Anti-convulsants and anti-depressants.

Dickenson AH, Ghandehari J.

Dept. Pharmacology, University College London, Gower Street, London

WC1E 6BT, UK.

Damage to a nerve should only lead to sensory loss. While this is

common, the incidence of spontaneous pain, allodynia and

hyperalgesia indicate marked changes in the nervous system that are

possible compensations for the loss of normal function that arises

from the sensory loss.

Neuropathic pain arises from changes in the damaged nerve which then

alter function in the spinal cord and the brain and lead to

plasticity in areas adjacent to those directly influenced by the

neuropathy. The peripheral changes drive central compensations so

that the mechanisms involved are multiple and located at a number of

sites. Nerve damage increases the excitability of both the damaged

and undamaged nerve fibres, neuromas and the cell bodies in the

dorsal root ganglion.

These peripheral changes are substrates for the ongoing pain and the

efficacy of excitability blockers such as carbamazepine, lamotrigine

and mexiletine, all anti-convulsants. A better understanding of ion

channels at the sites of injury has shown important roles of

particular sodium, potassium and calcium channels in the genesis of

neuropathic pain. Within the spinal cord, increases in the activity

of calcium channels and the receptors for glutamate, especially the

N-methyl-D-aspartate (NMDA) receptor, trigger wind-up and central

hyperexcitability.

Increases in transmitter release, neuronal excitability and

receptive field size result from the damage to the peripheral

nerves. Ketamine and gabapentin/pregabalin, again with anti-

convulsant activity, may interact with these mechanisms. Ketamine

acts on central spinal mechanisms of excitability whereas gabapentin

acts on a subunit of calcium channels that is responsible for the

release of pain transmitters into the spinal cord.

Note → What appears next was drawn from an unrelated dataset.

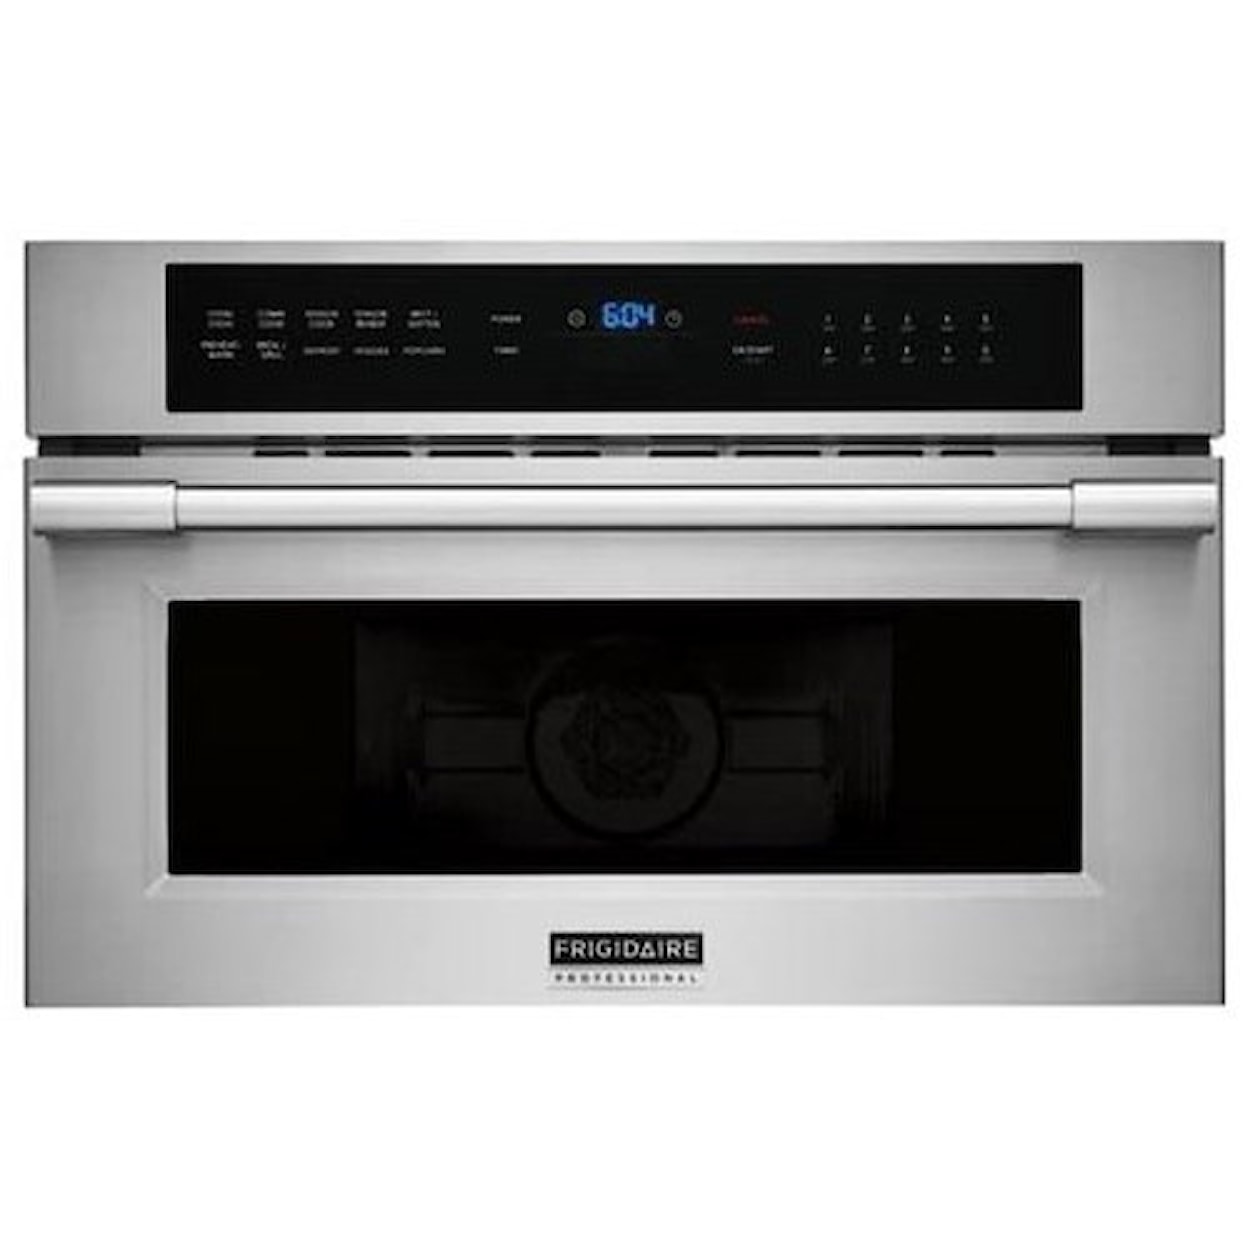 Frigidaire Microwaves 30" Built-In Convection Microwave Oven

In addition to these spinal mechanisms of hyperexcitability, spinal

cells participate in a spinal-supraspinal loop that involves parts

of the brain involved in affective responses to pain but also

engages descending excitatory and inhibitory systems that use the

monoamines. These pathways become more active after nerve injury and

are the site of action of anti-depressants. This chapter reviews the

evidence and mechanisms of drugs, both anti-depressants and anti-

convulsants, that are believed to be effective in pain control, with

a major emphasis on the neuropathic state.